• [Listed records]
########################################

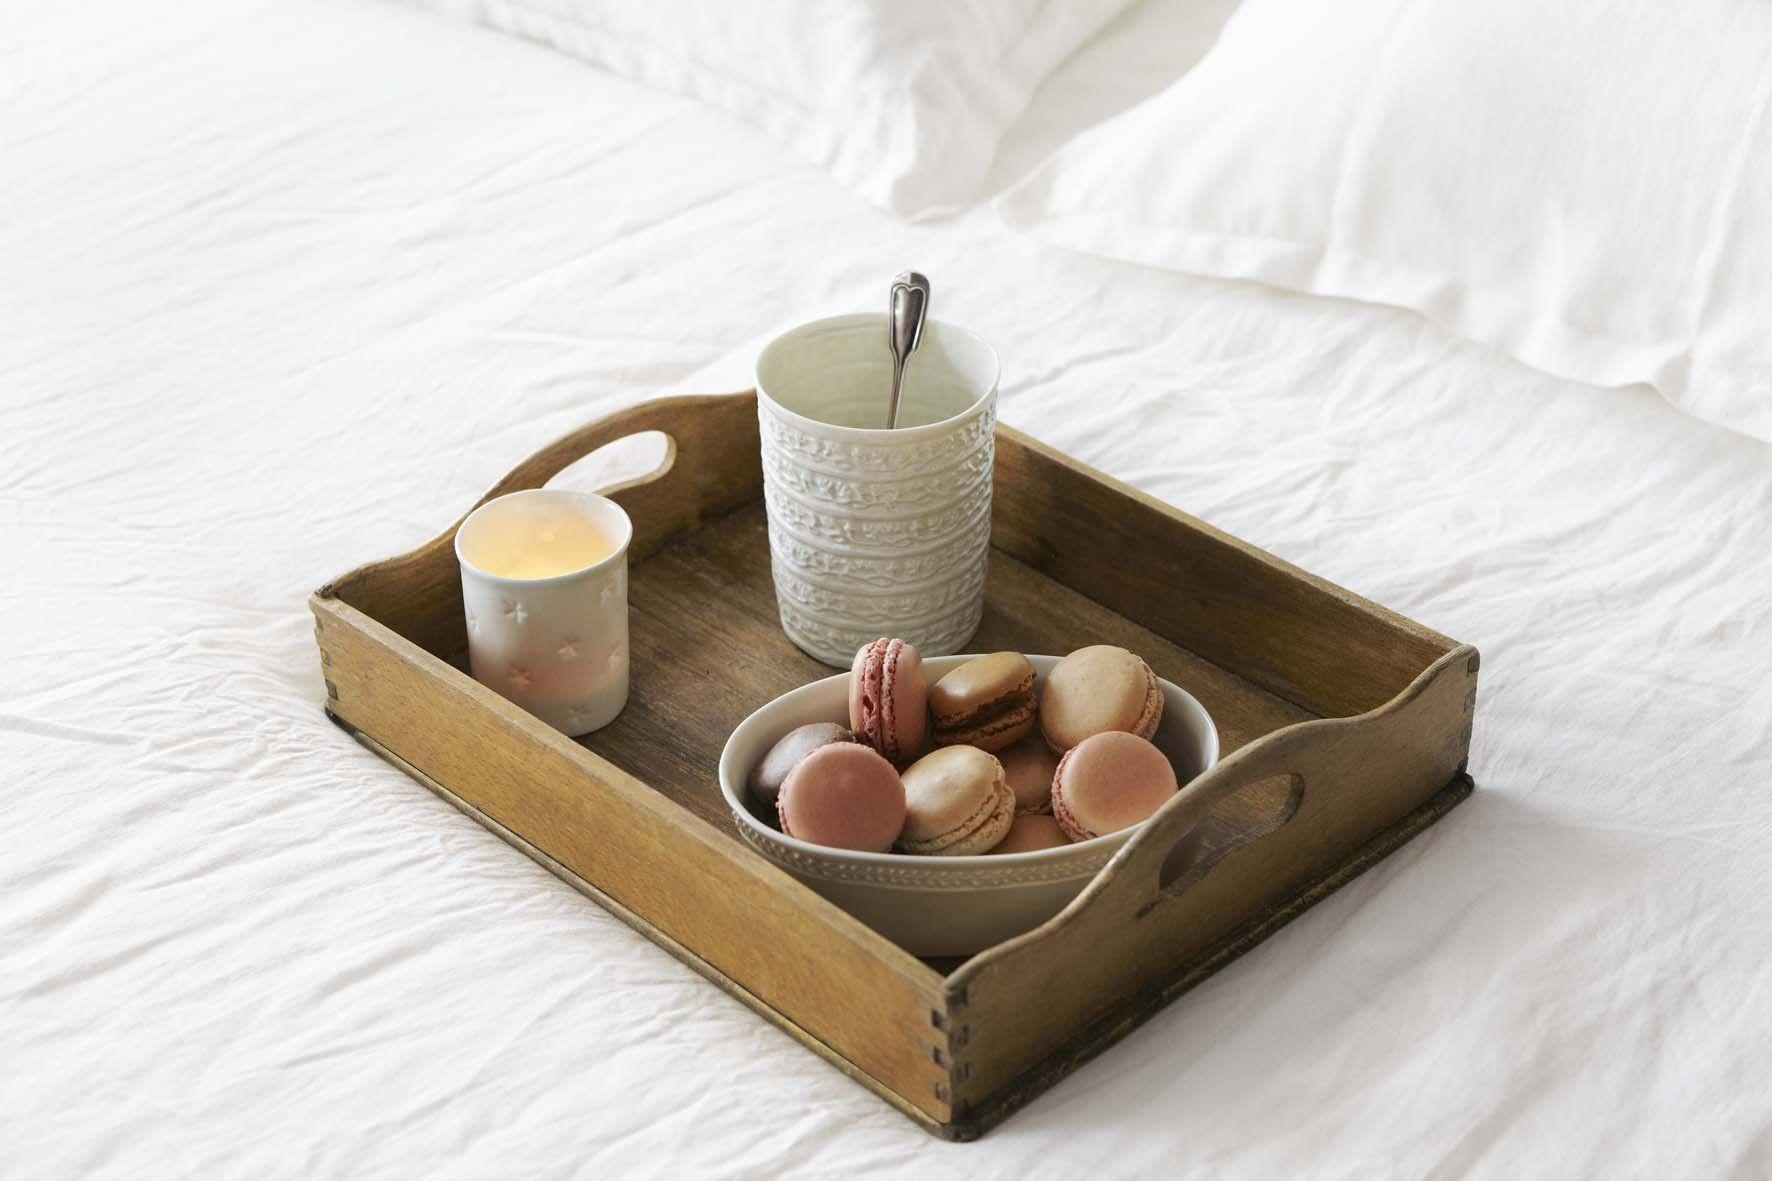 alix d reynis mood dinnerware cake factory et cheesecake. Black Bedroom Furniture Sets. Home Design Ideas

########################################

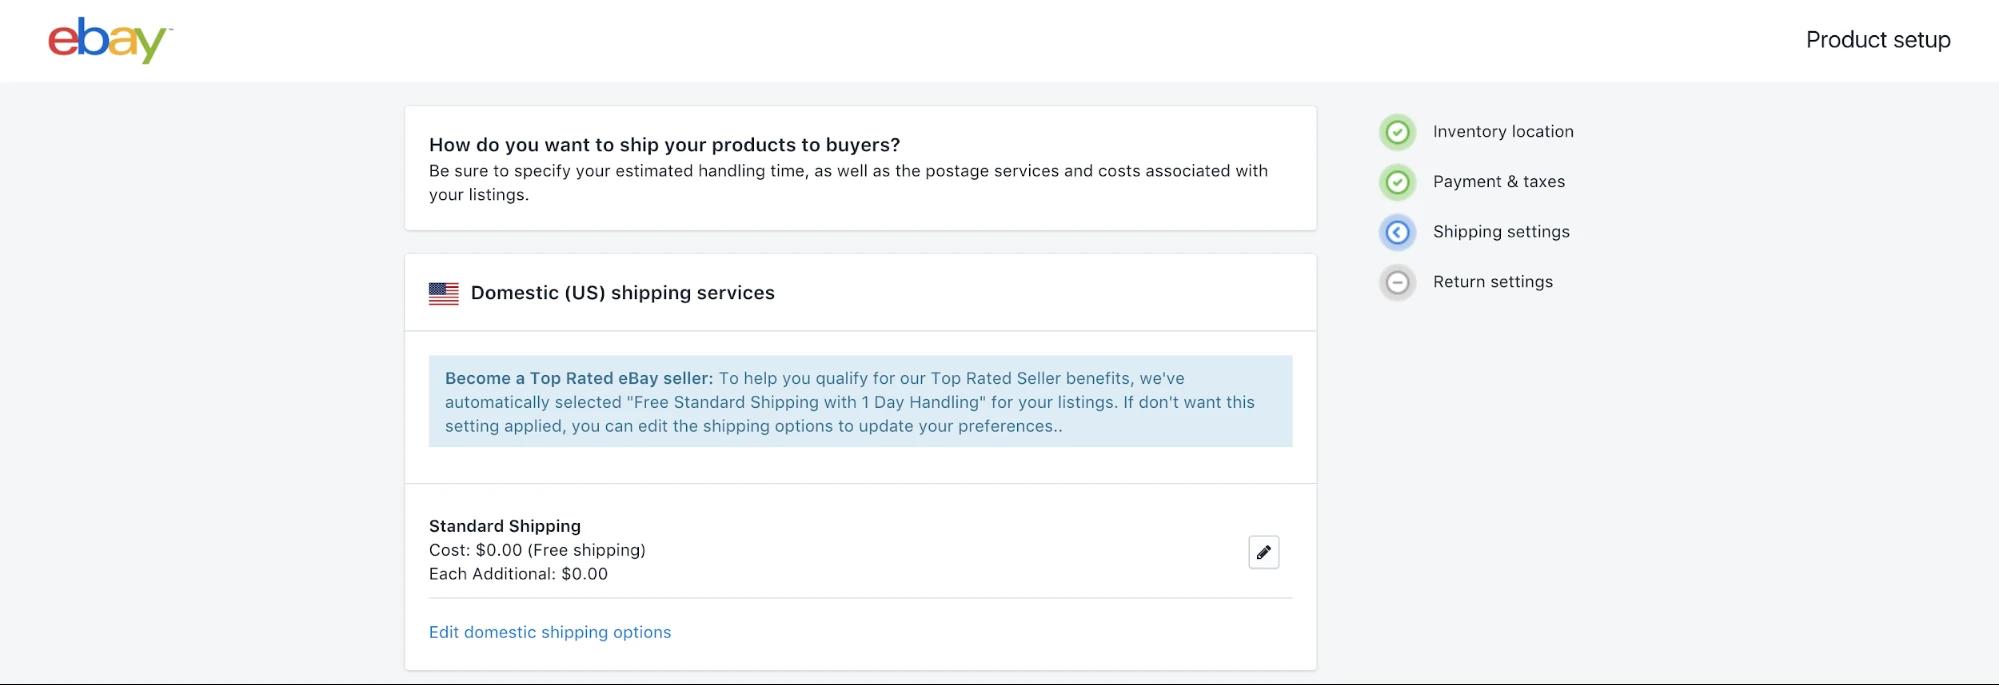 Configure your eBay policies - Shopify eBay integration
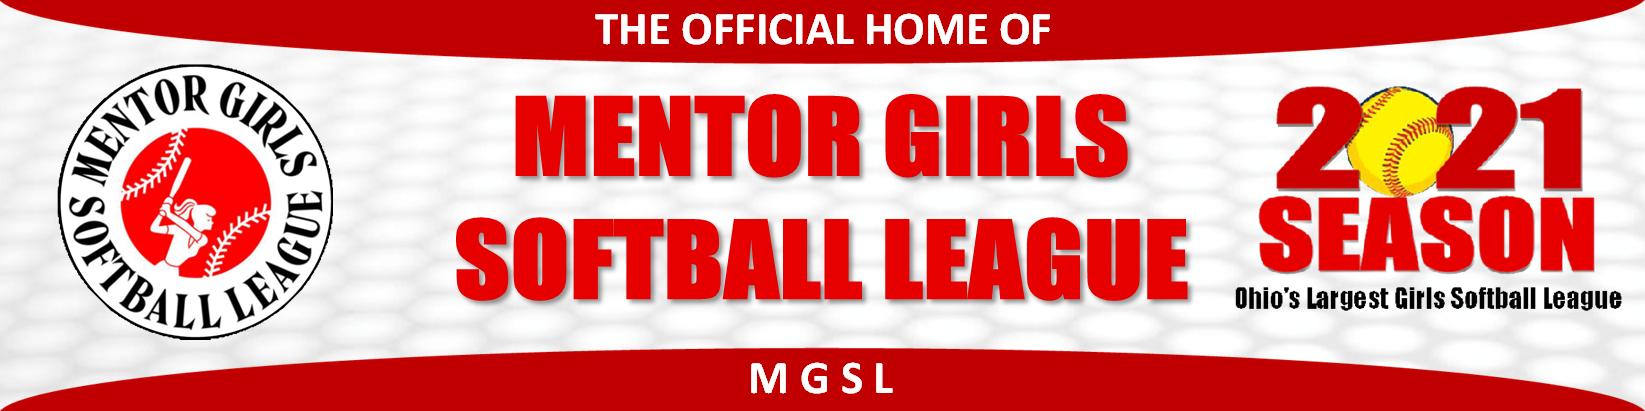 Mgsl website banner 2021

########################################

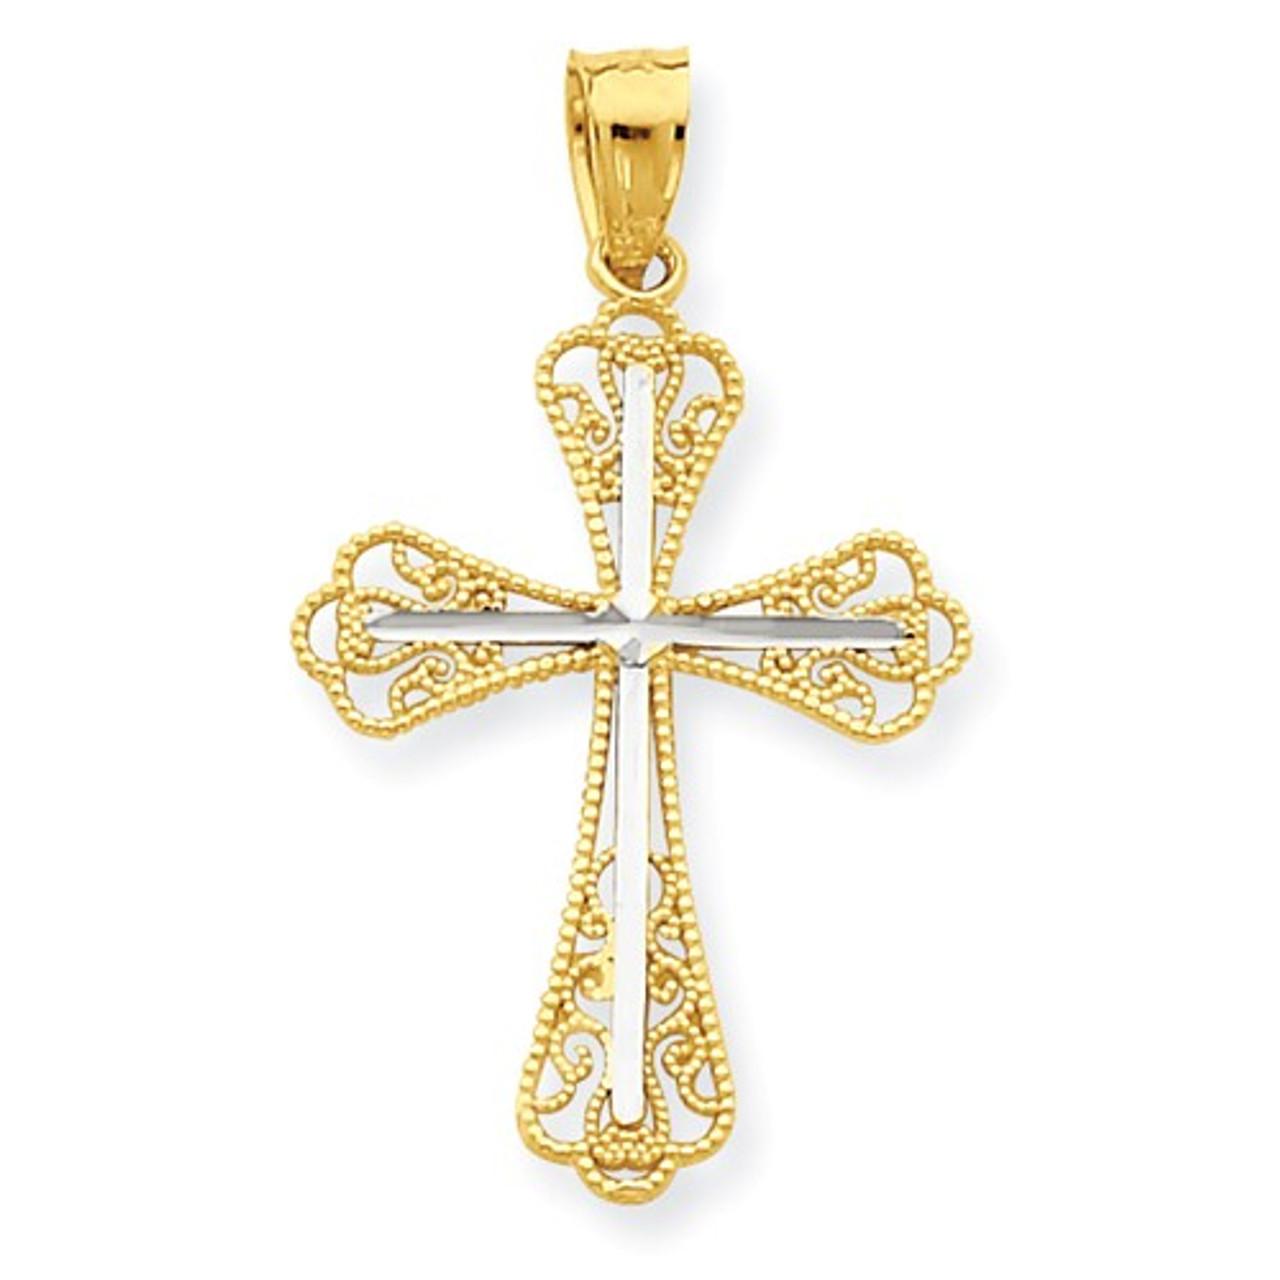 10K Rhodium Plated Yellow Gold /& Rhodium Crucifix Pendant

########################################

Return, exactly as they stand, the lines above from the one with "Configure your eBay" to the one with "Mgsl website banner 2021", omitting any pictures among them.

• [Solution]
 Configure your eBay policies - Shopify eBay integration
 Mgsl website banner 2021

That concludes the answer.